André Suarès — dans ce livre introuvable depuis 1939 et enfin republié - redonne à Tolstoï sa réalité et ses lettres de noblesse “primitive” en l’arrachant à bien des idées reçues. Son livre est moins une critique de l’oeuvre du Russe qu’un chant en hommage à ce qu’il a créé.
Il montre entre autres qu’il est bien moins mystique que ce qu’on a écrit à son égard. Si mysticisme il y a, c’est celui de la raison. Suarès rappelle qu’il penche pour un esprit naturel et non vicié par la culture du mensonge.
Tolstoï a compris la doctrine du Christ et a été chrétien et ne voit pas une raison suffisante de ne pas s’y conformer. Cependant, sa religion n’est pas peuplée de démons, d’extases, de grâce ou de pouvoir mystique.
Restant rationnel, le mysticisme “classique” lui inspire du dégoût tout comme les larmoiements et autres fadeurs dolentes d’une religion pitoyable lorsqu’elle tombe en de tels excès.
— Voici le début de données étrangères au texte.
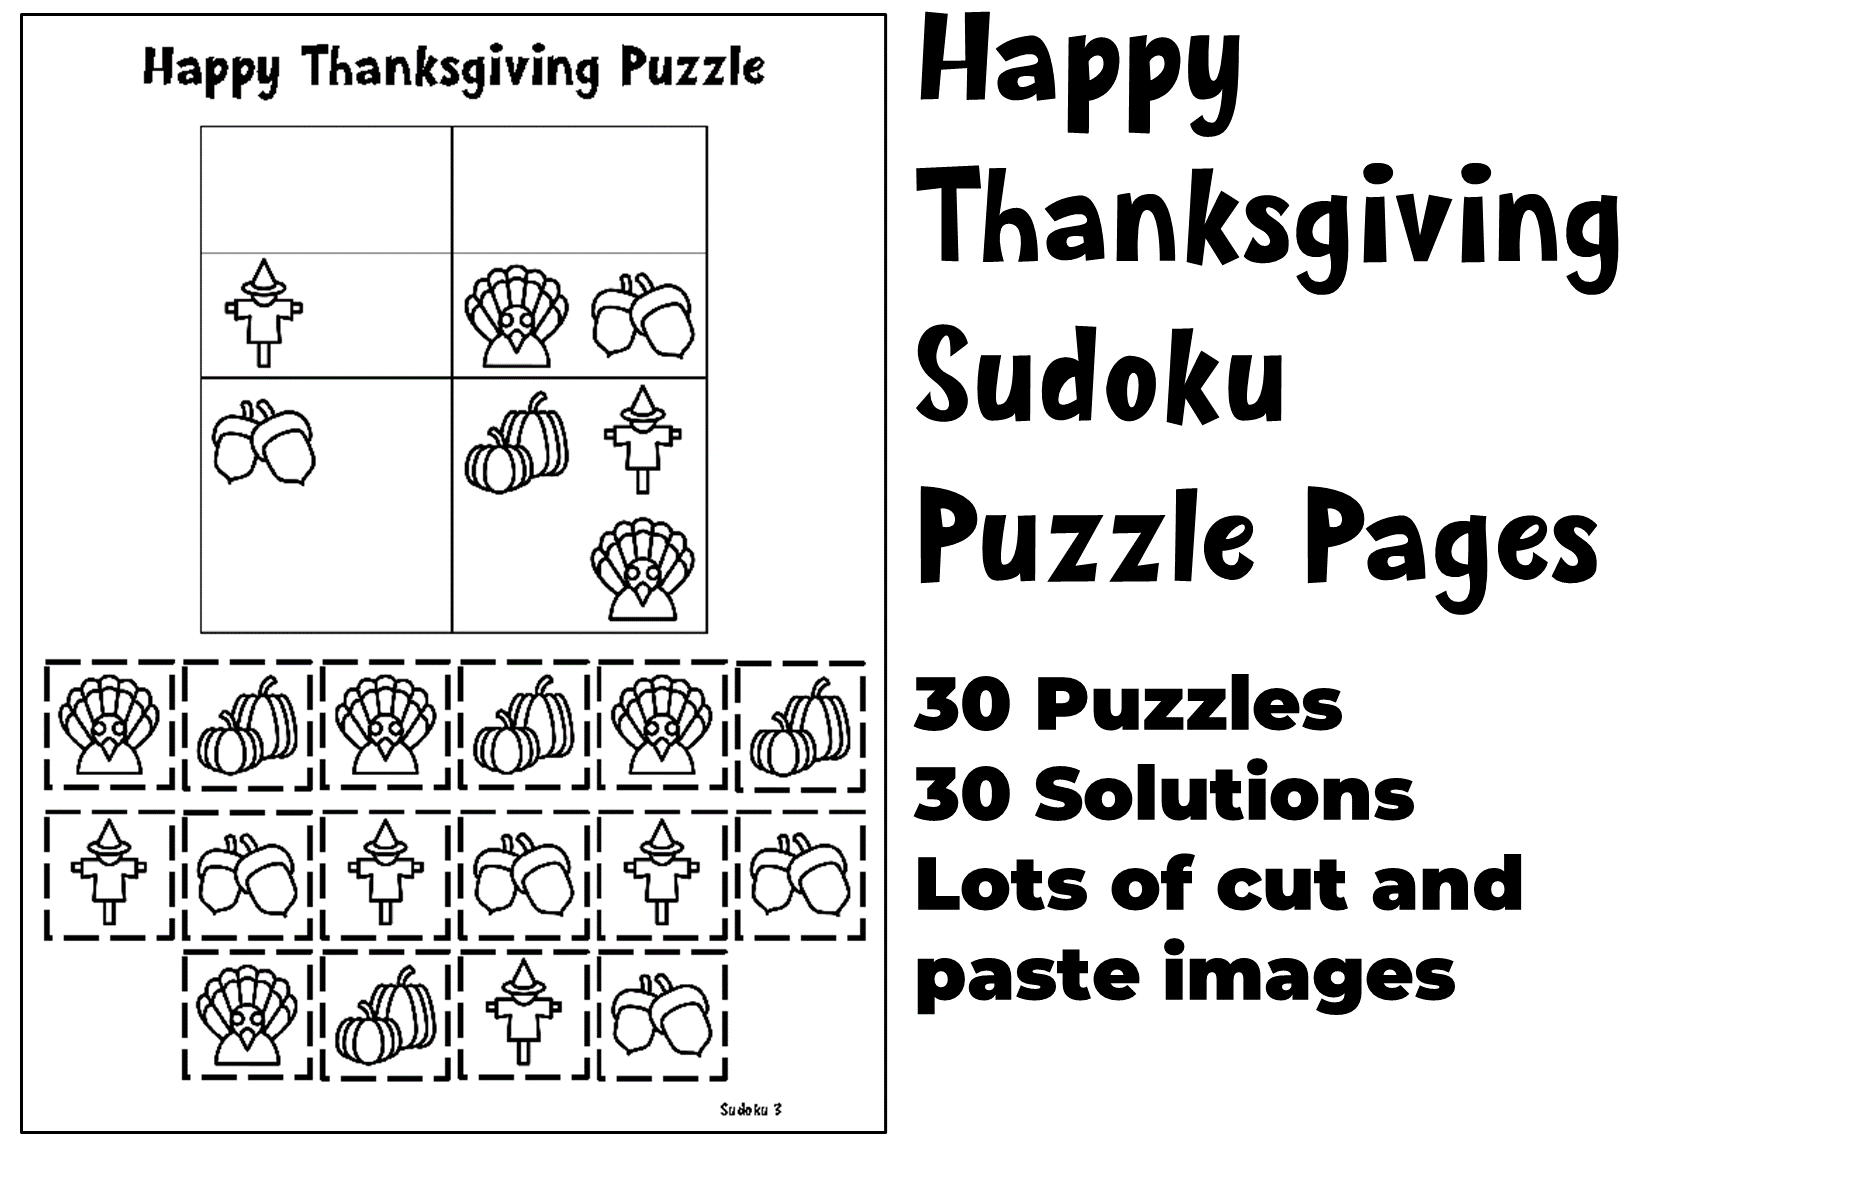 Thanksgiving Sudoku 4x4

Il y prend garde car il a fait l’expérience de la vraie charité qui dépend de la raison et qui se passe des salamalecs.
Mais Suarès met aussi l’accent sur des aspects mal perçus du créateur. Le livre est trop riche pour tous les souligner. Retenons son humour par exemple. Le romancier russe sait renverser ses ennemis par le ridicule. Non qu’il soit méchant homme. Mais c’est le moyen pour lui de mettre à nu la mauvaise conscience, les vices, les fautes et les ridicules humains.
Et l’ironie le dégage de l’aspect prêcheur de pitié. Selon Suares, l’humour lui permet de rester un des esprits le plus éloignés de tout rêve sentimental. Il est réaliste en tout ; il lui faut des réalités : elles passent par sa verve comme la vraie pitié passe une vie pure et sans crime.
jean-paul gavard-perret
André Suarès, Tolstoï vivant, , Tindad, coll. Essais, Paris, 2020, 182 p. — 18,00 €.